There was a little seaweed but not bad and my long rod was bent a little more than it usually was. I picked it up to check it and it was stuck. Cranked the drag down on the 656 Akios and bowed up on it and I could feel the tail wagging. It didn’t make a big run just kept me bowed up. Whatever it was was way out past the 3rd bar. I gained a little and got it over the third bar and saw a big tail that I thought was a ray flapping its wings at first. I have caught cow nose rays before. I gained a little more and got it over the second bar. I could see a big black spot on its tail now and I knew I had a big red fish. Got him coming up to the first bar and I waded out and bear hugged him while my daughter held the rod. It finally did it. I beat the family large redfish record my daughter had held for the last 14 years. She caught a 28 ¾ inch redfish when she was 8 years old. I was holding a 40 inch red drum and he was drumming to beat the band.
I learned where to fish from this site. Read the beach and look for the break in the bar. Don’t throw over the fish. I learned to use 17# Suffix Tritanium on my drum rod from this site. I got the Akios 656 Shuttle from a guy on this site. I bought the 12 ft Star Stellar Surf from a guy on this site. 
Ok I have learned everything that I know about surf fishing from this site and from putting in my time going out on the sand and using the knowledge that I have learned from reading the posts here on P&S.
Thanks P&S and thanks to all you pier and surf fisherman that post on this site.

I caught the second black drum off the pier at the condo we were staying at. 35 1/2 inch caught on the 30th of December with an 8ft Ugly Sick light action rod 5601 Abu reel with 12 lb Berkley big game line and a rive rig I tied. I had to wait a long time for him to come to the top.


----------



## Drumdum (Jan 6, 2003)

NICE JOB!! Great report,and glad you learned techniques from here,but YOU did the job,pretty work...


----------



## drumrun (Dec 5, 2007)

Great job!!!


----------



## abass105 (Jun 13, 2006)

Great job. Thanks for sharing your report.


----------



## jwfishn (Jul 8, 2009)

thanks for your report. pier and surf is number one.


----------



## Mt2sea (Apr 19, 2014)

+1. P&S is a fantastic resource. We're very fortunate that the NC board is as active as it is--I recently relocated to Louisiana and it's extremely hard to find reports/general info on the surf fishing situation down here (including the gulf P&S board... a thread I started asking for basic info went months without being responded to). Thank you, everyone, for so willingly sharing your knowledge and experience.


----------



## DANtheJDMan (Aug 29, 2012)

Drumdum said:


> NICE JOB!! Great report,and glad you learned techniques from here,but YOU did the job,pretty work...

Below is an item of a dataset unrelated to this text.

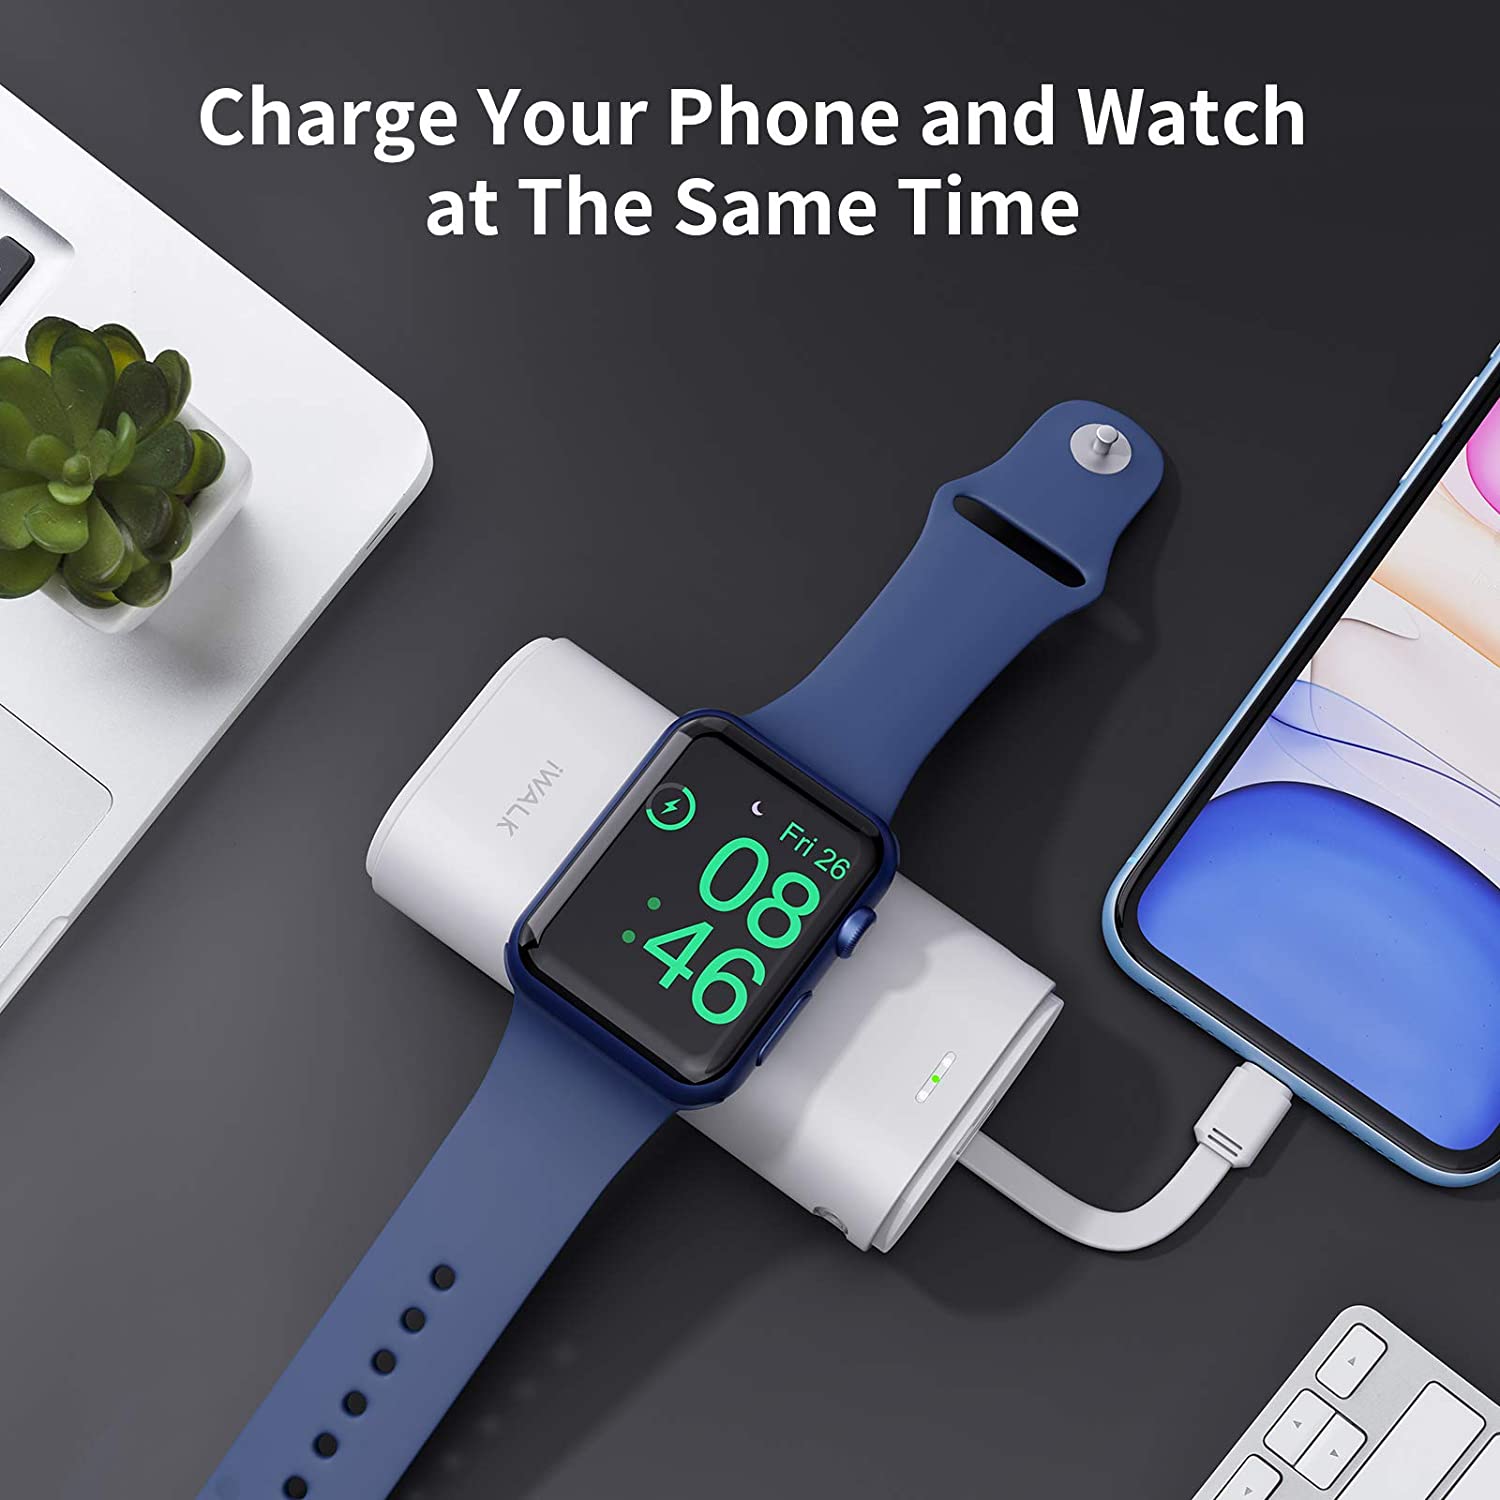 I migliori accessori per Apple Watch della primavera 2022

My wife and I did not get to meet you in person when we stayed at your place in August. We did get to meet your wife Jody and Tater. We met Garboman and the red headed fella at Rodanthe.

We will be back to get in on some of that NC drum run next year. I didn't even get a chance to use my 40-405 down in TX. I need to bow up on a big drum with that rod.

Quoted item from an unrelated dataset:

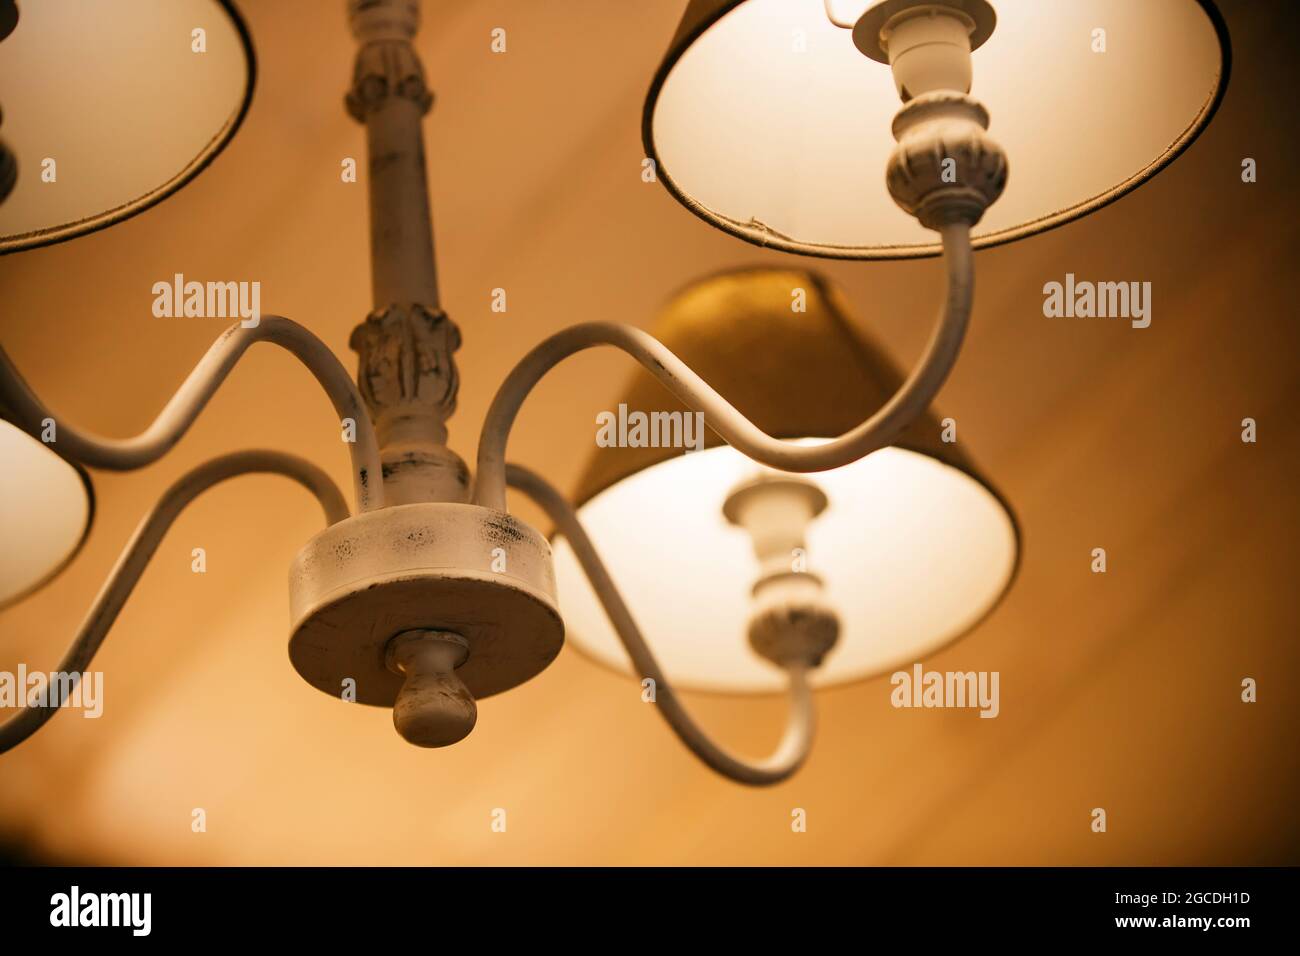 Lámparas brillantes con telas en tonos se iluminan en una elegante y hermosa araña por la noche, creando un ambiente acogedor. Un motel. Foto de stock

We will be back to NC again and see you then Drumdum.


----------



## fishnchevy (Apr 2, 2011)

Sweet catch... Now that you broke the ice, you just have to pass it on.


----------



## Drumdum (Jan 6, 2003)

DANtheJDMan said:


> My wife and I did not get to meet you in person when we stayed at your place in August. We did get to meet your wife Jody and Tater. We met Garboman and the red headed fella at Rodanthe.
> 
> We will be back to get in on some of that NC drum run next year. I didn't even get a chance to use my 40-405 down in TX. I need to bow up on a big drum with that rod.
> 
> We will be back to NC again and see you then Drumdum.


 Looking forward to it...


----------



## DrumBum (Apr 25, 2013)

Awesome post! Congratulations on the fine catch.


----------



## Papa-T (Sep 5, 2011)

Congrats. The first red is always one to remember. And it never gets old. Good for you. Congrats again.


----------



## tjbjornsen (Oct 31, 2009)

Outstanding!


----------



## bronzbck1 (Jun 13, 2007)

Great job


----------



## River (Sep 30, 2006)

Great post DantheJDMan ....... Lookin forward to more of those posts in the future ..... River


----------



## JamesRiverVa (Apr 24, 2012)

Congratulations, those are a couple of really nice fish.


----------